On May 23, 2016 at 12:42:12 PM, Callum Prentice (Callum) ([email protected]
<mailto:[email protected]> ) wrote:
This is what I propose for moving forward with the "Remove QuickTime from the
viewer" work:
(TLDR; Replace QuickTime plugin with one based on LibVLC and use it to play
MPEG-4 and MP3 media URLS plus anything else we get for free. Additionally,
turn on flags in Chromium->CEF->CEF-bin->LLCEFLib->media_plugin_cef builds that
enable embedded media support.)
* Remove QuickTime entirely from the viewer.

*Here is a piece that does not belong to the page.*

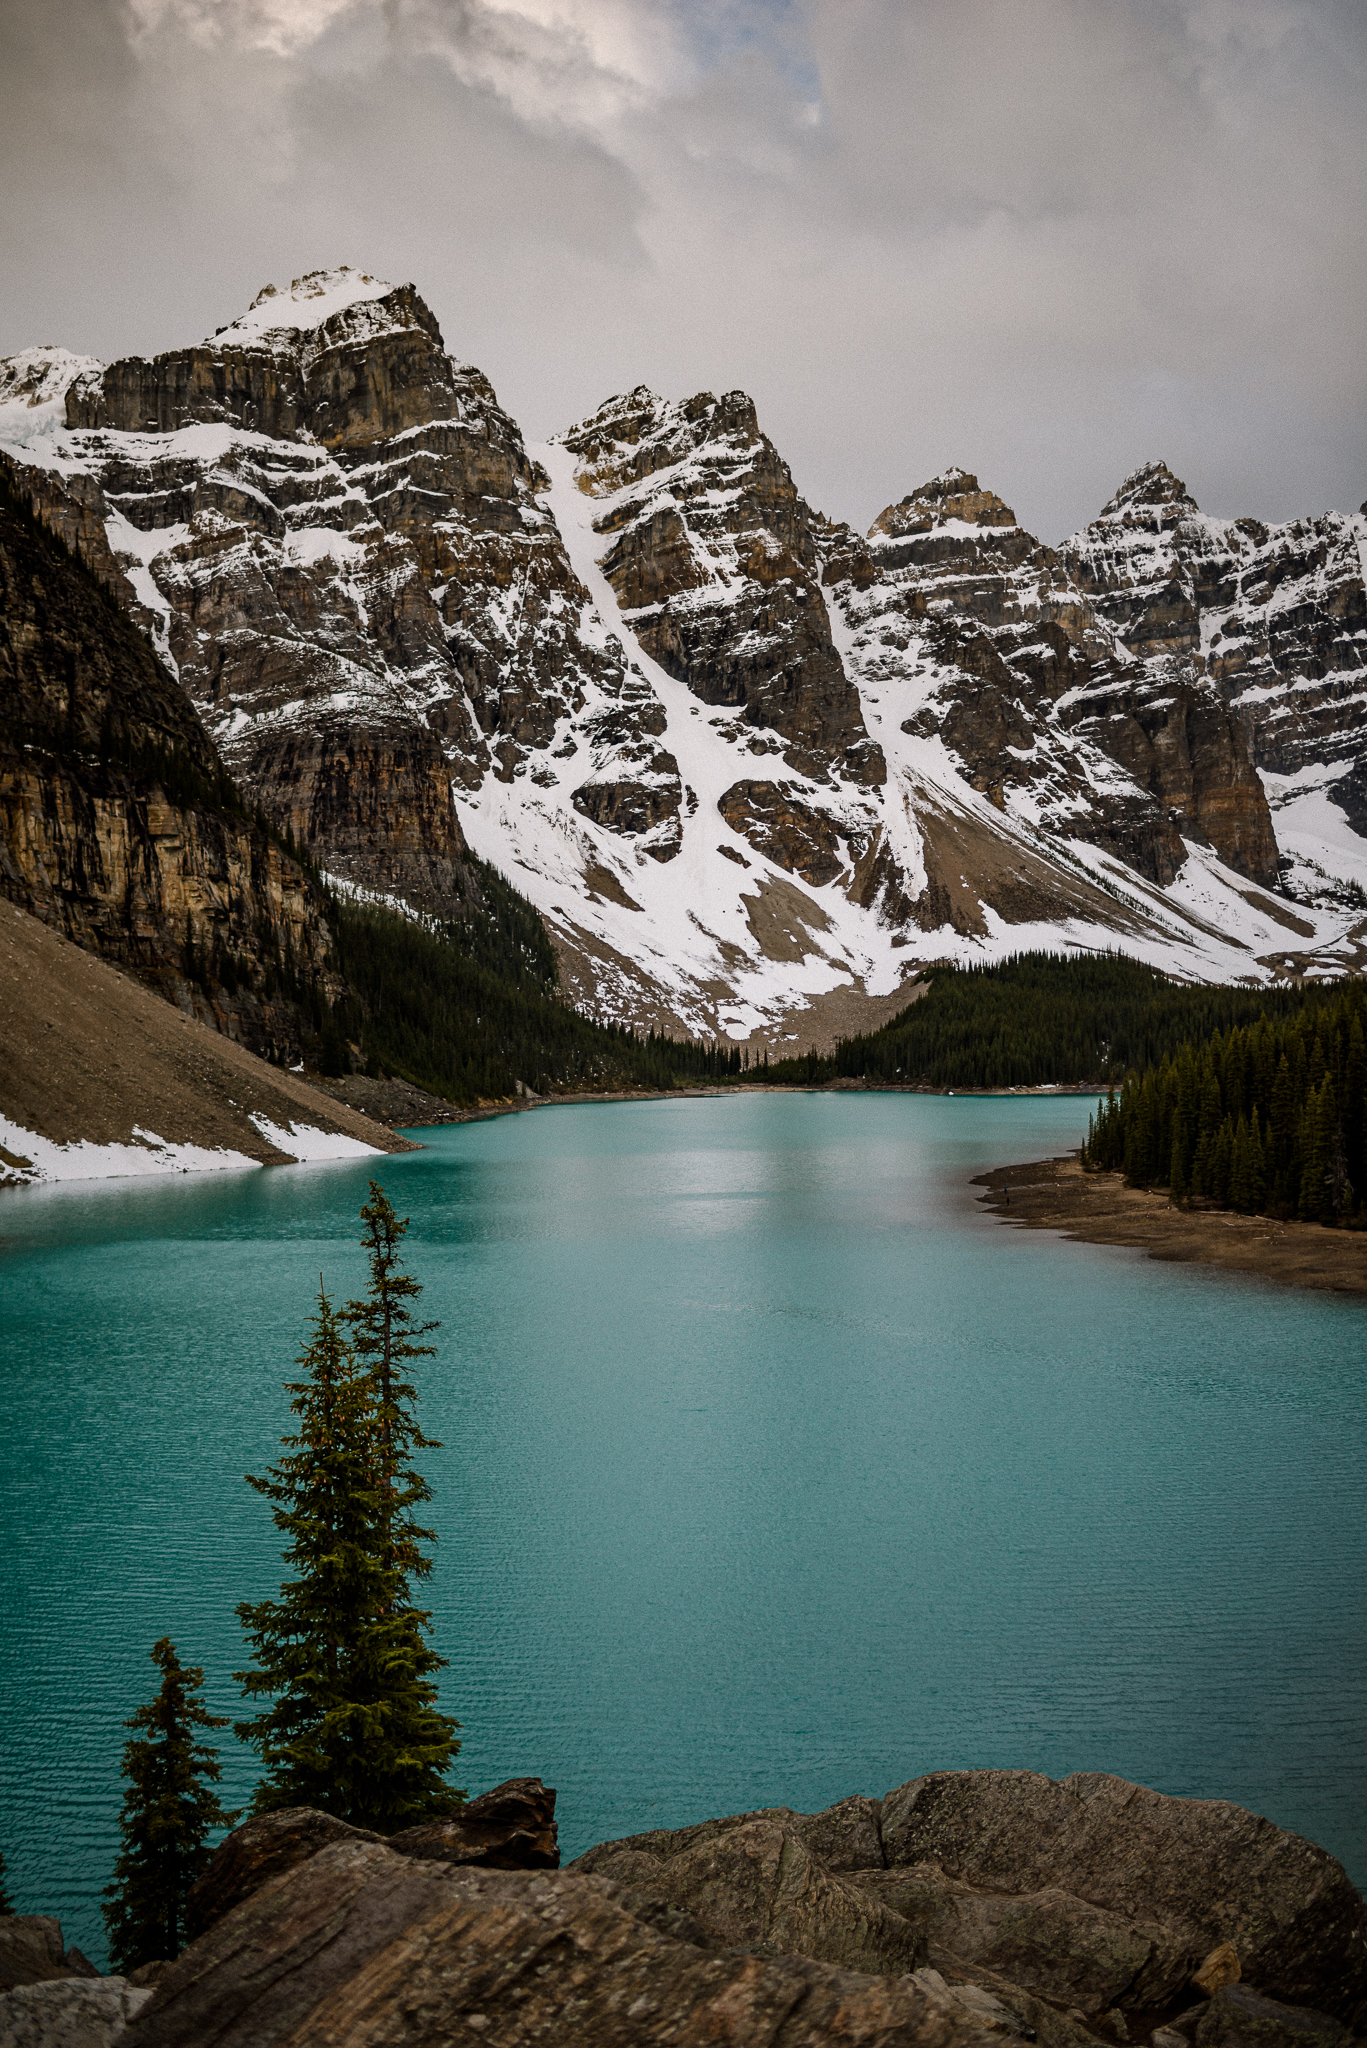 Landscape shot of Moraine Lake, Alberta with trees in foreground
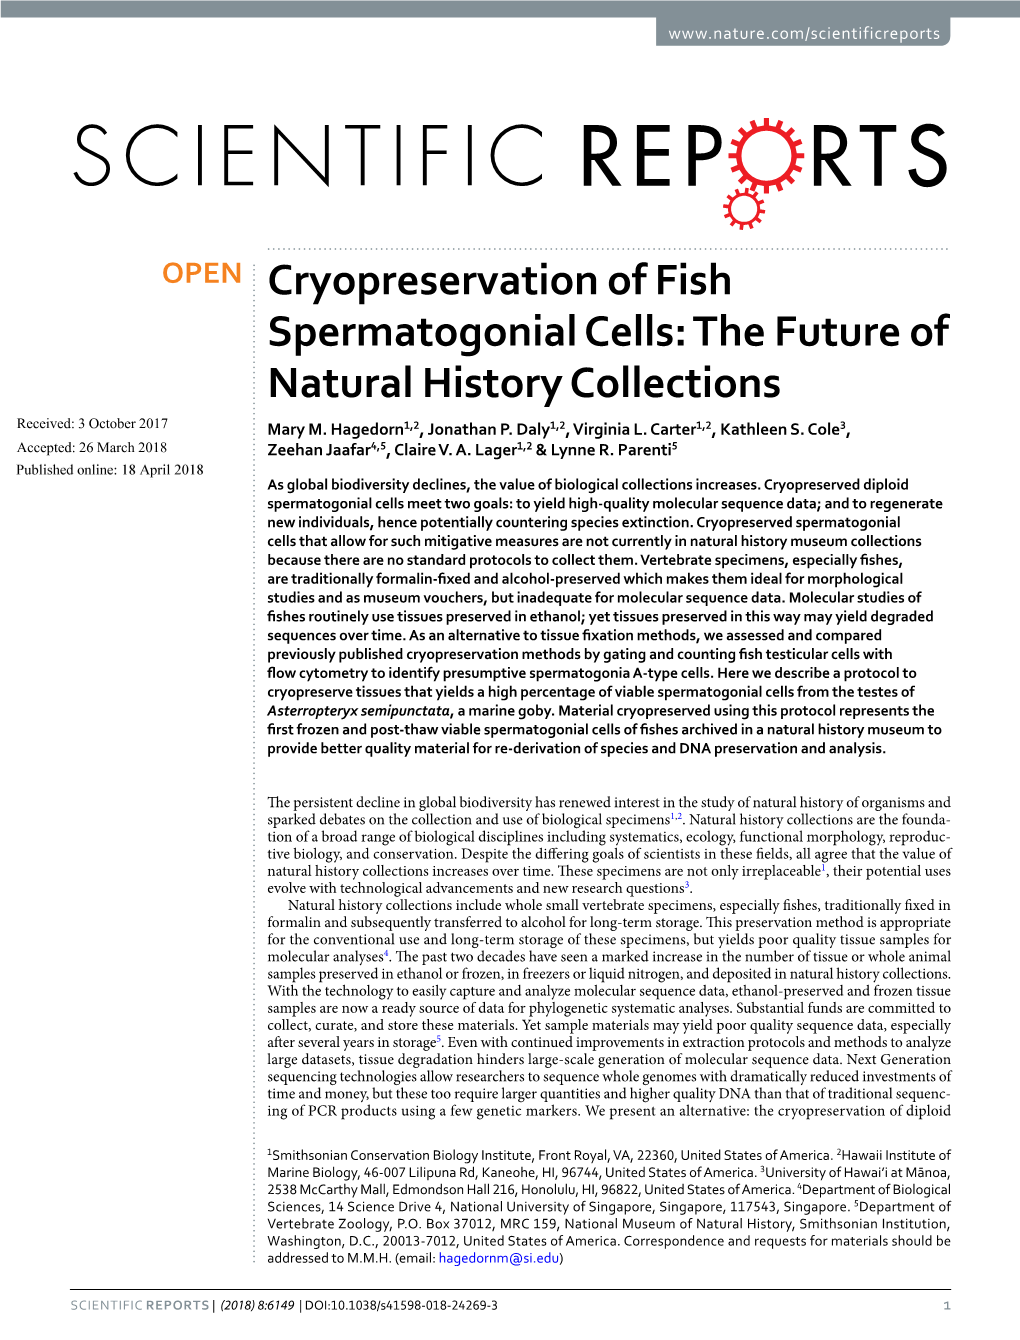 Cryopreservation of Fish Spermatogonial Cells: the Future of Natural History Collections Received: 3 October 2017 Mary M

* Replace it with a new plugin:
*
* Version for Windows (32 bit) using LibVLC
* Version for OS X (32 bit) using LibVLC
* Ask for help from open source developer community to create a
version for Linux using LibVLC
* Update mime_types.xml (etc) to point old QuickTime handled media at new
version (plus any others we think should not go to the default, CEF plugin)
* Ask for help from the open source developer community to flip Linux
GStreamer output since we flipped the prim media texture coordinates
*
* I hope this is possible - reason it was done is that both CEF
and LibVLC need to be flipped so it seems foolish to flip everything twice.
* Inhibit the "This file needs to be downloaded" message in CEF for media
types we are unable to handle - replace with Alert?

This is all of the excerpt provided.